The respective organizational unit plans the execution of the work order on the basis of priority list.
Small orders can be forwarded directly for execution. For orders of larger magnitudes that require
funding from the capital budget, strict policy guidelines are followed. On the completion of the work
order, the service report, containing the details of the work performed, is provided for documentation. If
the customer (user of the facility) is not satisfied with the work, the order is placed again, undergoing the
planning and execution cycle. The customer (worker who places the work order) is also required to
confirm the completion of the work. This step ensures the information flow to WRC centre and also
yields the information about the time/cost of completion and the variations in the work order. The
information is used in the calculation and reallocation of costs under various work heads.

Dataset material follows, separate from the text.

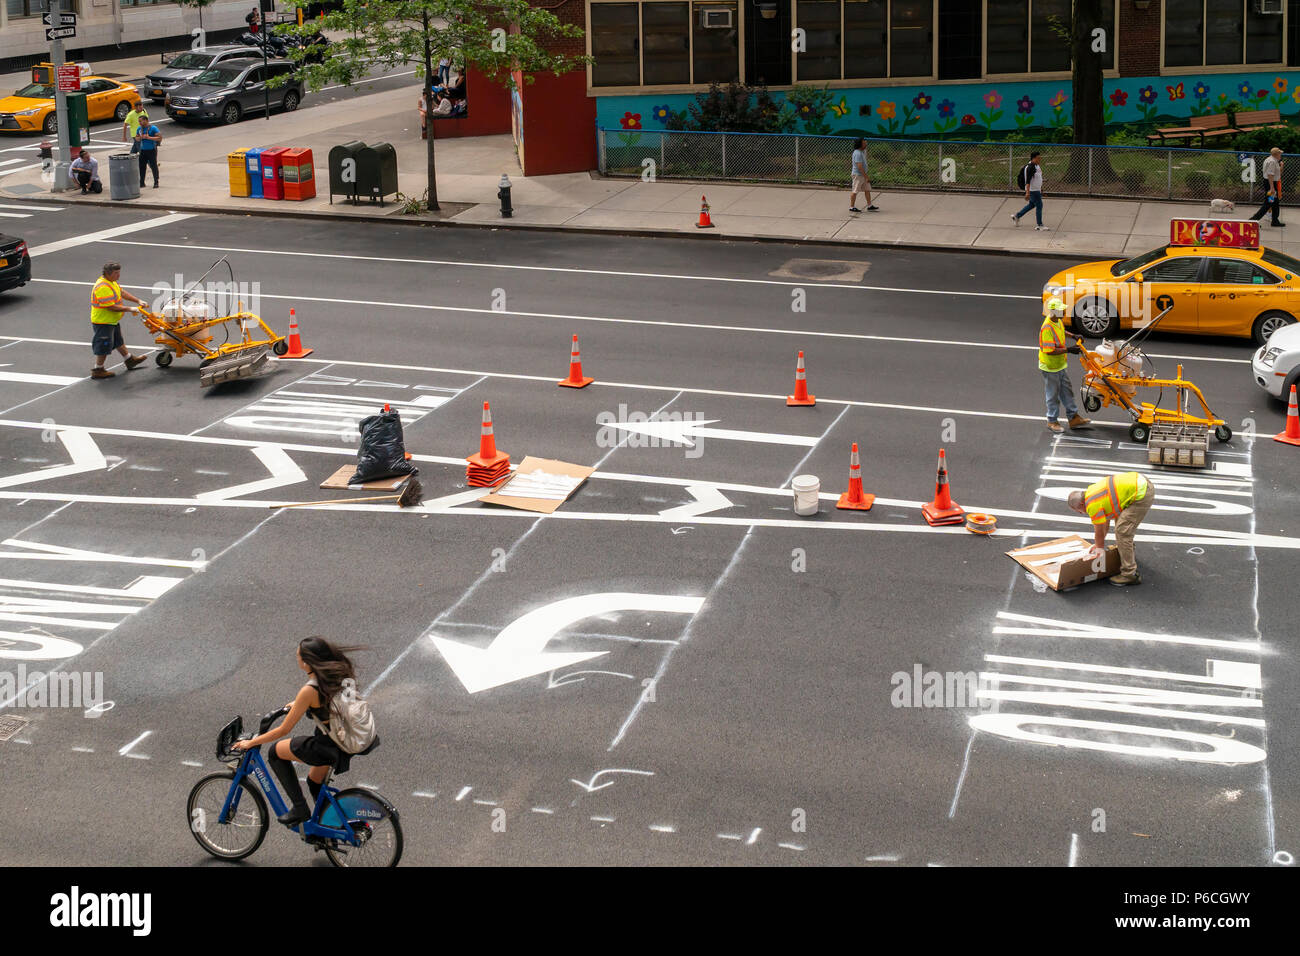 Employees from the New York City Department of Transportation install new thermoplastic lane markings after a recent re-paving on Ninth Avenue in the Chelsea neighborhood of New York on Wednesday, June 20, 2018.  (Â© Richard B. Levine) Stock Photo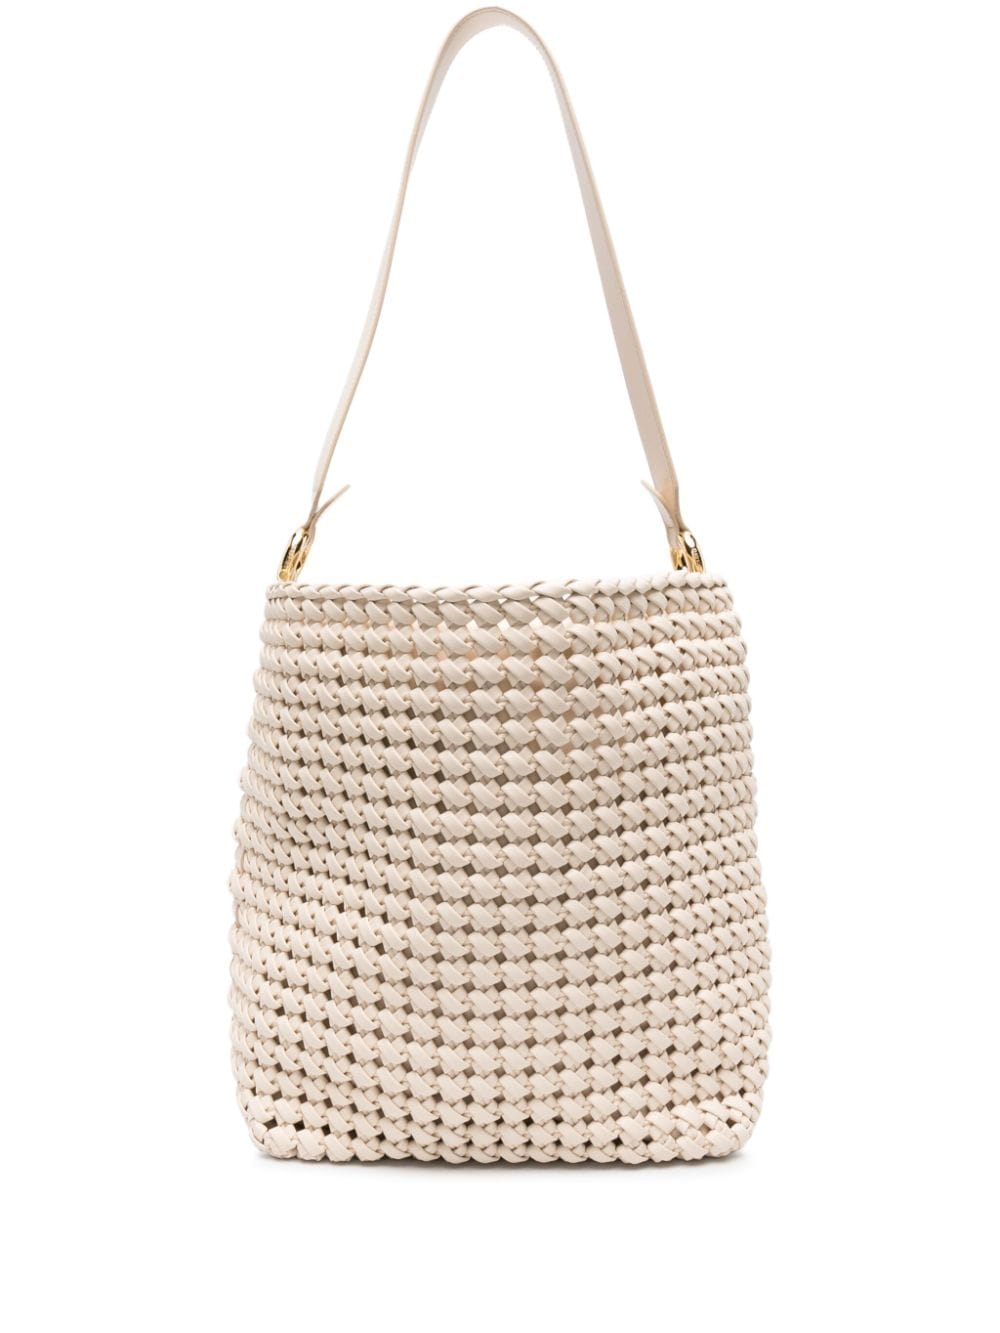 Themoirè Phoebe knotted shoulder bag

Conclusion and Discussion:

In recent years, value creation in the global economy has stemmed from firms’ ability to manage and
leverage human and information resources. The shift away from investment in physical capital presents
managers with new strategy implementation and performance evaluation challenges. Moreover, In
Global information highway financial managers are constantly changing their mindset and approach in
such a way that would make them more proactive and participant in the decision-making process rather
than just a data recorder and provider. The role of finance will shift from one of score keeping,
governance and variance analysis to integrative evaluation of enterprise wide risks and opportunities.
Financial managers will be called upon to integrate diverse sets of data and provide sophisticated
analysis and support for critical business decisions.